Hilo advocates call for action on missing, murdered Indigenous women, girls and Māhū
Red dresses and handprints lined Kanoelehua Avenue as Hilo advocates pressed for attention to Native Hawaiian girls who disappear into Hawaii Island’s missing-persons gap.

Hilo’s rush-hour traffic became a stage for grief and accountability when advocates gathered outside Ross on Kanoelehua Avenue with red dresses, red handprints and hand-held signs for the National Day of Awareness for Missing and Murdered Indigenous Women, Girls and Māhū.
The sign-waving, organized by He Hoomaka Hou Ana o Puna and Kū Ānuenue, was the third annual gathering hosted by He Hoomaka Hou Ana o Puna, a nonprofit that focuses on behavioral health services and peer mentorship for women.
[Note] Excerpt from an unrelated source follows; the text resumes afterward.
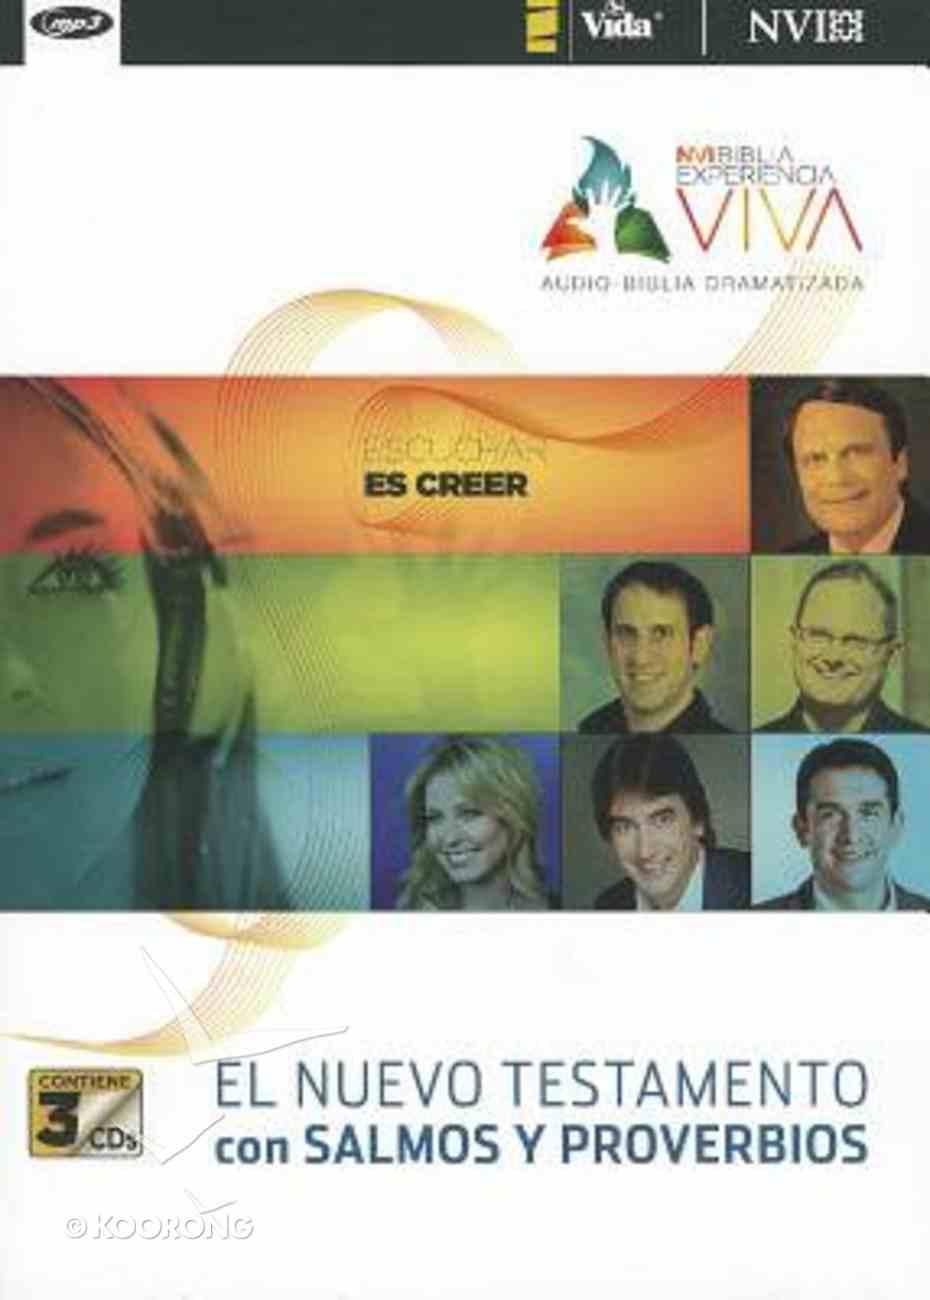 Experiencia Viva Nuevo Testamento Con Salmos Y Proverbios (Living Experince New Testament With Psalms and Proverbs) (Mp3) CD

Supporters said the goal was not only remembrance, but visibility for violence that disproportionately affects Indigenous, Native Hawaiian, Alaska Native and Native American women and girls, along with transgender and two-spirit people.
The Hilo demonstration also pointed to a local accountability gap that advocates say is too often overlooked. An Office of Hawaiian Affairs report cited at the gathering showed Native Hawaiian children ages 15 to 17 represented the highest number of missing children on Hawaii Island. The same report said there were 182 cases of missing Native Hawaiian girls on Hawaii Island from 2018 to 2021, more than any other racial group in the report.
Advocates said those numbers reflect more than isolated cases. They tied the risk to poverty, housing instability and trafficking, along with weak media attention and uneven public response when Indigenous girls and women disappear. The message in Hilo was that missing persons are not all counted, tracked or treated the same, and that gaps in recognition can make some victims easier to overlook.
Renee Rivera, co-director of He Hoomaka Hou Ana o Puna, said Hawaii’s high cost of living leaves children and families more vulnerable when basic needs are hard to meet. That reality gave the gathering its urgency: the crisis is not confined to distant headlines, but visible on Big Island streets, where advocates are pressing for systems that can recognize Native Hawaiian, Indigenous and māhū victims distinctly instead of letting them vanish inside broader categories.